The 5000 Series is AL-Mn alloy, is one of the most widely used aluminium alloy, the strength is high, especially with anti fatigue strength: ductility and high corrosion resistance, heat treatment can strengthen, in the semi cold hardening plastic plastic is good, low cold hardening, resistance good corrosion, good weldability, machinability, polishing.
Q:Why should two two iron bars and two aluminum rods be used in a water heater?
This method is usually used by pure water machines and manufacturers. But it has been exposed so many times that it is hard to cheat any more.
Q:Which expert can help me solve the 6063 alloy aluminum bar product code?
Only at 76012000 and 7604291010, which should be forged;Personally think it should be the first 76012000
Q:How to break the tooth of woodworking saw blade for cutting aluminum rod
Aluminum alloy saw blade used for cutting aluminumYou cut the aluminum with a woodworking saw blade, and their teeth will damage you in a different wayFor cutting aluminum, buy professional saw blades
Q:Why is the temperature of the extrusion cylinder lower than the aluminum bar and die temperature?

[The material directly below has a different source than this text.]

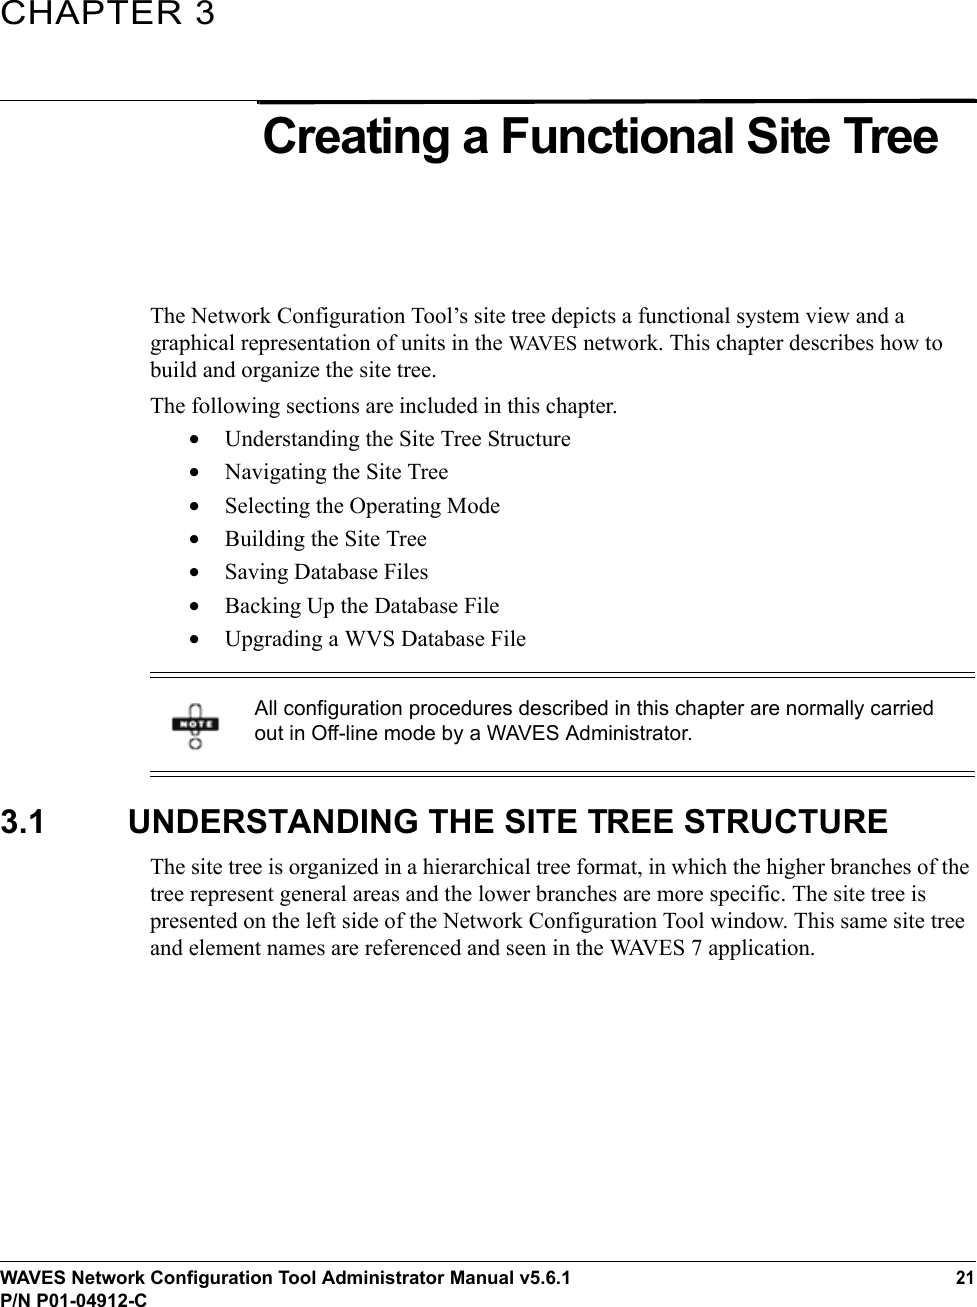 WAVES Network Configuration Tool Administrator Manual v5.6.121P/N P01-04912-CCHAPTER 3Creating a Functional Site TreeThe Network Configuration Tool’s site tree depicts a functional system view and a graphical representation of units in the WAVE S network. This chapter describes how to build and organize the site tree. The following sections are included in this chapter.•Understanding the Site Tree Structure •Navigating the Site Tree•Selecting the Operating Mode•Building the Site Tree•Saving Database Files•Backing Up the Database File•Upgrading a WVS Database File3.1 UNDERSTANDING THE SITE TREE STRUCTUREThe site tree is organized in a hierarchical tree format, in which the higher branches of the tree represent general areas and the lower branches are more specific. The site tree is presented on the left side of the Network Configuration Tool window. This same site tree and element names are referenced and seen in the WAVES 7 application.All configuration procedures described in this chapter are normally carried out in Off-line mode by a WAVES Administrator.

2. has excellent plasticity, can be high-speed extrusion into a complex structure, thin-walled, hollow profiles, or forged into complex structural forgings. Wide range of quenching temperature, low sensitivity to quench, after extrusion and forging release, as long as the temperature is higher than the quenching temperature, that is, water or water can be used to quench. Thin walled parts (delta <3mm) can also be subjected to wind hardening. 3., excellent weldability and corrosion resistance, no tendency to stress corrosion cracking. In the heat treated reinforced aluminum alloy, Al-Mg-Si alloy is the only alloy that has not found the phenomenon of stress corrosion cracking. 4., after processing, the surface is very smooth, and easy anodizing and coloring. The disadvantage is that after quenching, if it stays at room temperature for a period of time, it will have an adverse effect on the strength of the aging (parking effect). AC current is indeed spiral motion. The current is mainly concentrated on the surface of the conductor, so that the effective cross section of the conductor decreases. In addition, the alternating current and "proximity effect", the same four copper bars stacked together, the current will repel each other, resulting in copper current on both sides of the two big middle small current. Similarly, the skin effect and proximity effect exist in the steel cored aluminum strand.
Q:I would like to know the benefits of the aluminum bar homogeneous process and some related knowledge, know the master, please let me know, thank you!
Homogenizing furnace is an indispensable equipment for improving the quality of aluminum products. After homogenizing the aluminum bars, the internal components (Mg2Si and Fe) are uniform.